PROVIDED ENTRIES:

[Start of section]

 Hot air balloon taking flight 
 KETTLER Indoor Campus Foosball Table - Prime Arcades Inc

[End of section]
[Start of section]

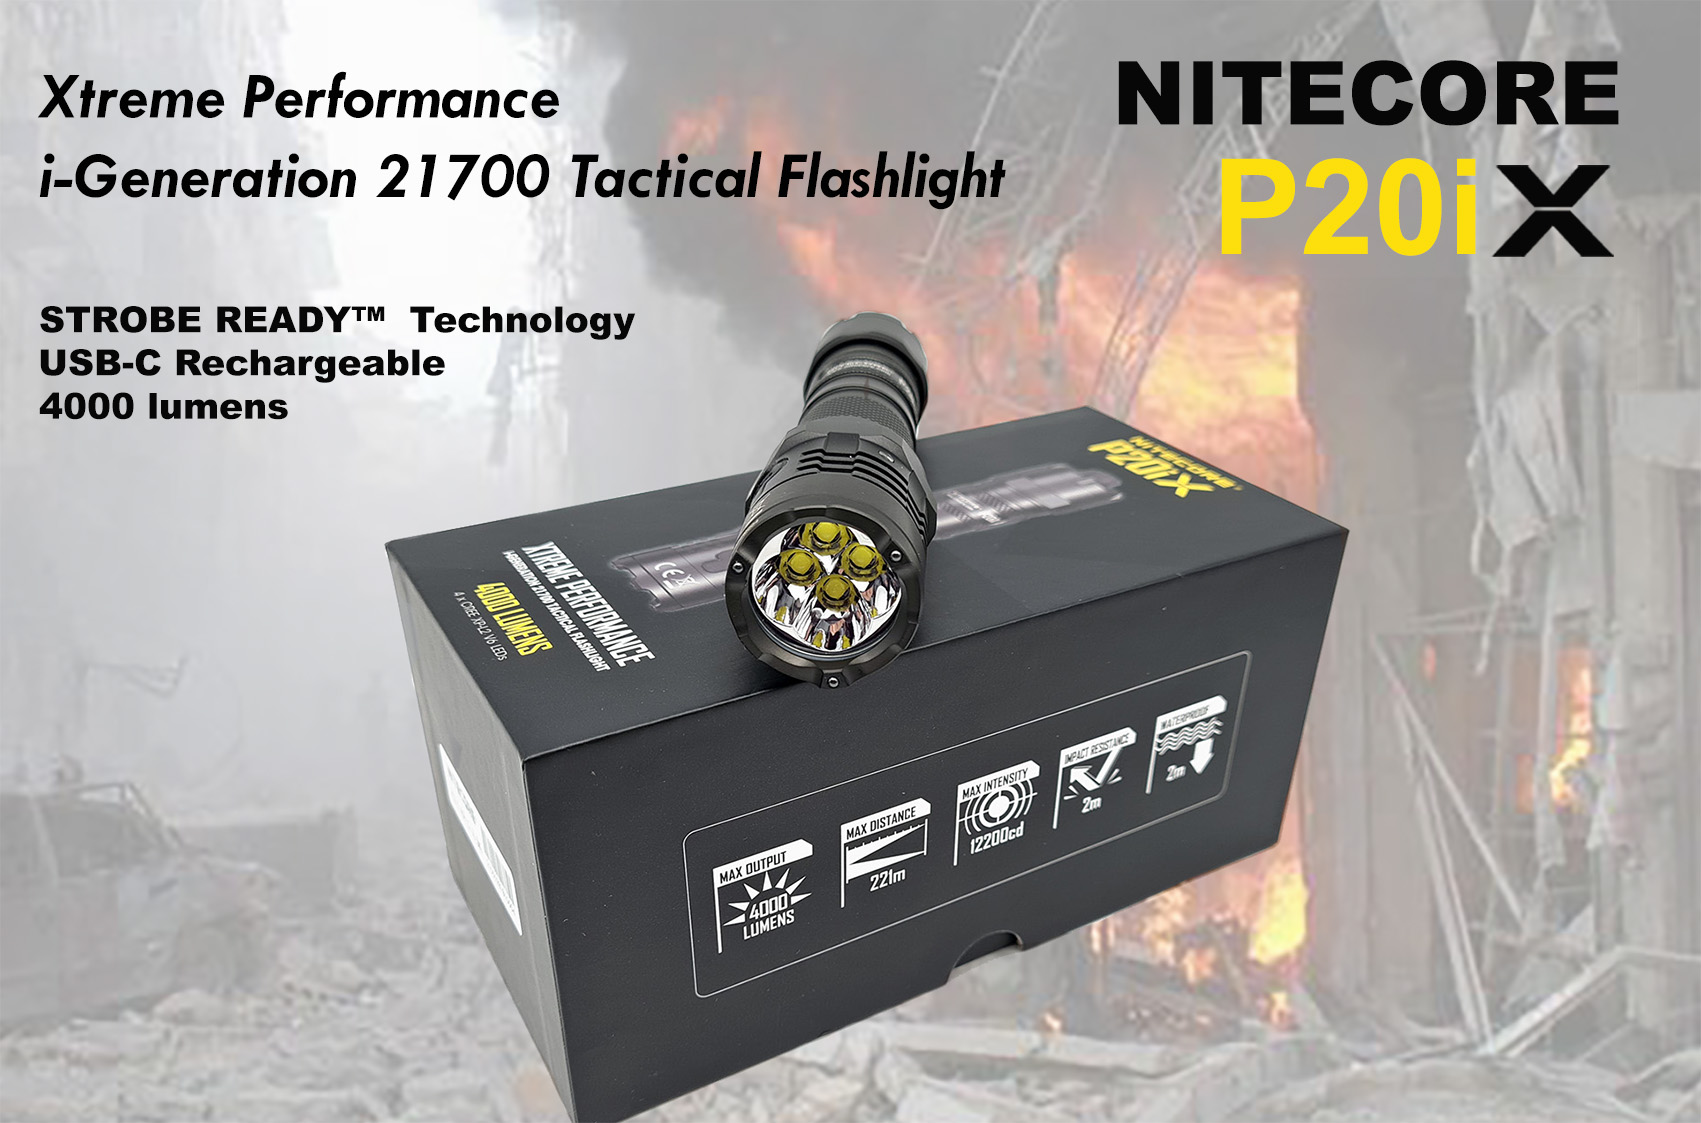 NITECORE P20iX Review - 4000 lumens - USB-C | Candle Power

[End of section]

EXERCISE REQUIREMENTS:
All that should be written out is the stretch of lines above between the one holding "Hot air balloon taking flight" and the one holding "KETTLER Indoor Campus", inclusive, exactly as given.

REPLY TO THE EXERCISE:
 Hot air balloon taking flight 
 KETTLER Indoor Campus Foosball Table - Prime Arcades Inc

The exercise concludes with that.